As you can see, the Scottish Parliament wants to pass a law banning the sale of glue traps.
In England, under the Glue Traps (Offences) Act 2022 setting a glue trap to catch a rodent is an offence.legislation.gov.uk/ukpga/2022/26
But you can be licensed to do so (see s.2) “if there is no other satisfactory solution” to preserving public health or safety.
Presumably for that reason, the sale of glue traps is not banned, in England.
Regulation of methods of rodent control is not a reserved matter in 🏴 (or 🏴). So it’s up to the Scottish Parliament or Senedd to decide the rules. (And the 2022 UK Parliament legislation applies only in 🏴.)
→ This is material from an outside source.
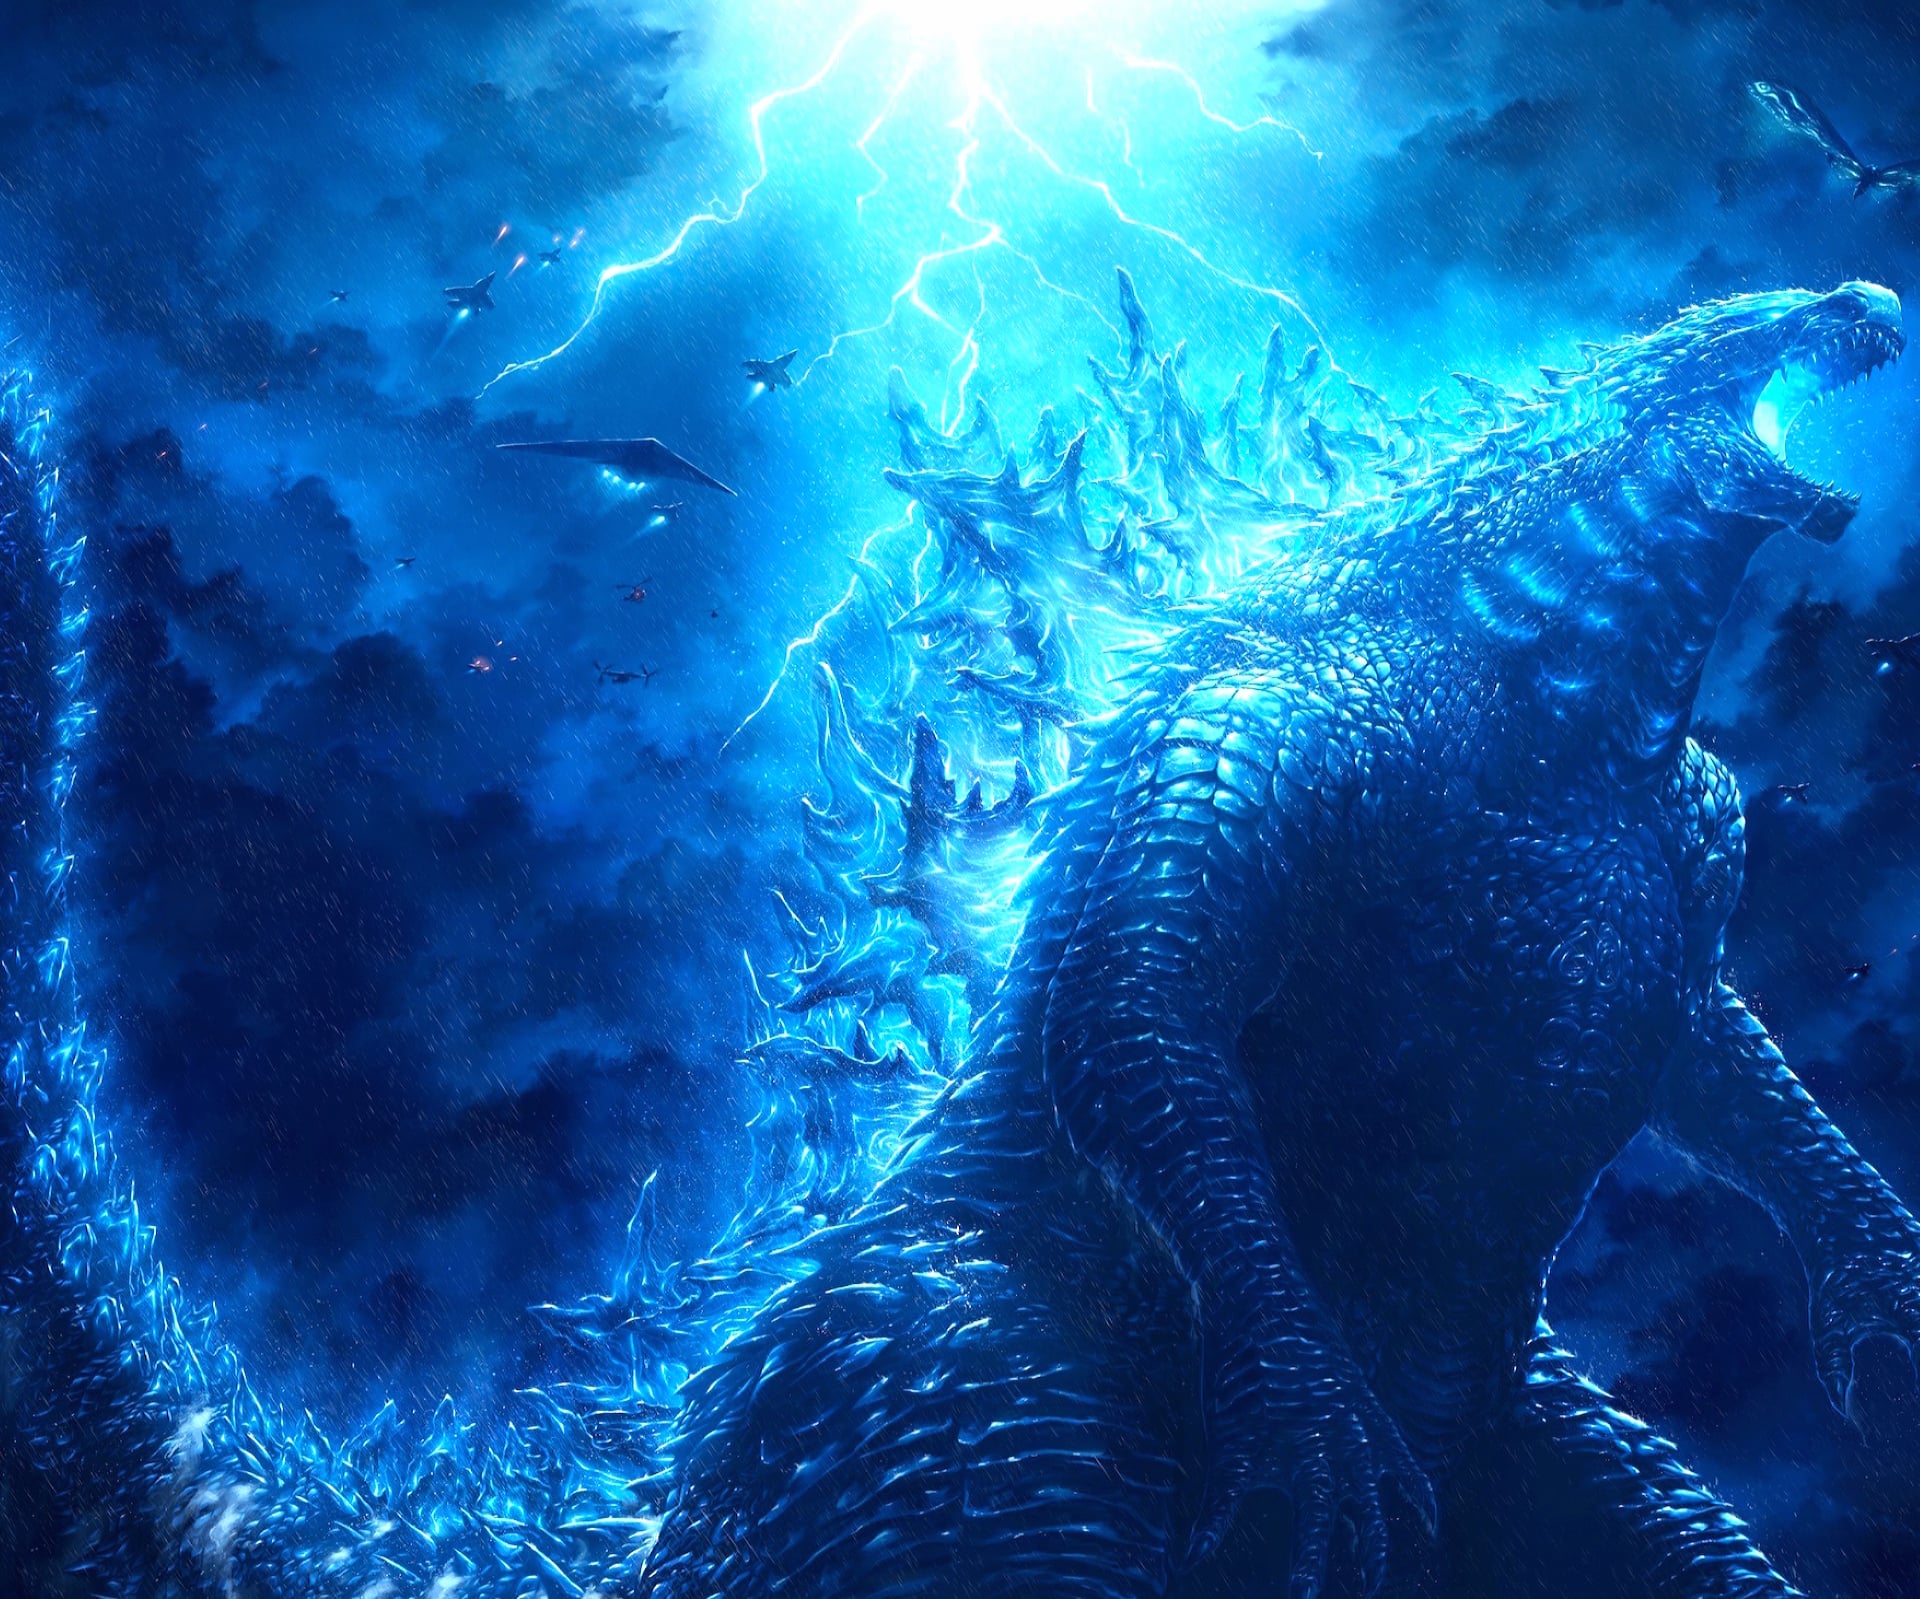 Fantasy Godzilla at 1600 x 1200 size wallpapers HD quality

So you might suppose that the Scottish Parliament can simply legislate here without needing UK Government approval, and be wondering what is going on. To understand that, you need to understand the UK Internal Market Act 2020 (UKIMA).
UKIMA was designed to deal with a post-Brexit problem, namely the possibility that devolved legislatures might use their powers to regulate in a way that threw up unjustified barriers to trade.
Most federal systems have (sometimes not very good) ways of dealing with the tension between regional (etc) autonomy and not wanting internal barriers to trade. But in the UK, nothing was done about that at the time of devolution.
Why not? Well, EU law did the job. EU rules on free movement of goods and services limited the extent to which (for example) the Scottish Parliament could regulate in a way designed to favour Scottish products over German ones - or, in practice, over English ones.
Or, indeed, the extent to which it could ban the sale of certain products entirely.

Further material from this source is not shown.